エムレンとオーリングの考えでは、交尾機会がどれくらい独占しやすいかによって、交尾相手が1個体になるか、多数になるかが決まります。
食物が環境中に散らばっていたとしたら、交尾相手が食物にありつくのを制限するのは難しいため、このような状況では一夫多妻はめったに見られないと予想されるのです。
食物が偏って存在していたら、オスは食物を囲い込むことができるので、食物を求めてくるメスを独占することができます。
控えめなメス
ダーウィンの有名な表現に、性に関してメスは「控えめ」で、オスは「積極的」というものがあります。
1972年ロバート・トリヴァースの論文では、控えめ・積極的の代わりに、メスとオスで、資源と労力を次世代に費やすかの差異を重視しているようです。
メスにとって重要なのは、どれだけの数の子をうまく育て上げられるかです。できる限り質の高い子を作ることが自分の遺伝子を最大限次世代に残すことになっています。どのようなオスと交尾するからも非常に重要でしょう。

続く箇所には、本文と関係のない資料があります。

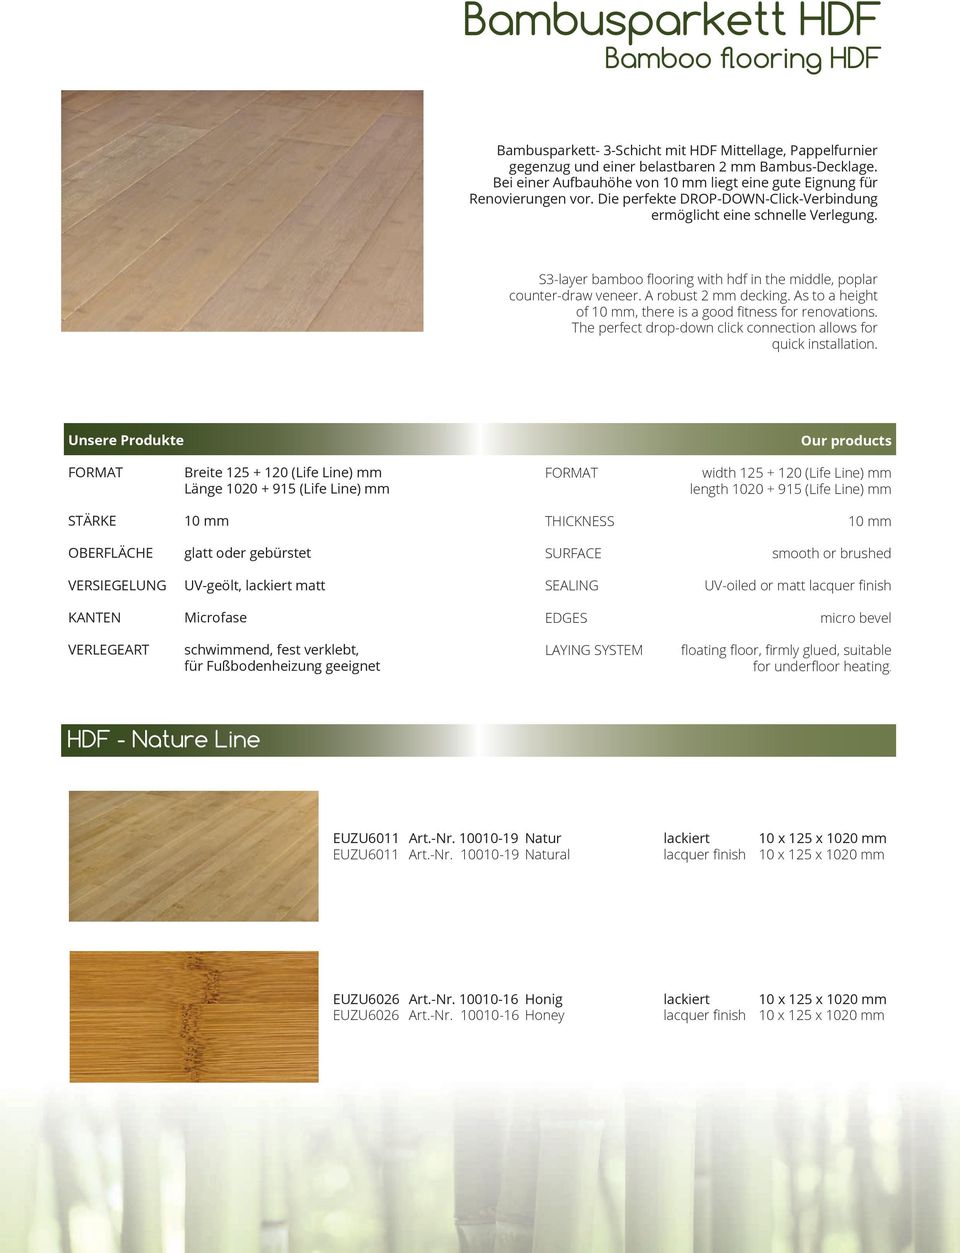 S3-layer bamboo flooring with hdf in the middle, poplar counter-draw veneer. A robust 2 mm decking. As to a height of 10 mm, there is a good fitness for renovations.

オスにとっては、可能な限り多くのメスを受精させることが、自分の遺伝子を最大限次世代に残すことにつながります。
隠れたメスの選り好み
メスは精子競争に対し、より積極的なかかわり方をすることが可能です。オスの精子が卵と受精するかの最終決定権を握っているのはメスとなっています。
どれだけの数の卵を放出して受精させるか、卵や子にどれだけの資源を与えるかを、父親になるオスの特徴に基づいて決定していることがあります。これらのメカニズムを、隠れたメスの選り好みと呼ばれるものです。
メスにとって魅力的なオスの形質や、メスの繁殖への投資に対し大きな見返りを与えてくれるようなオスの形質が進化します。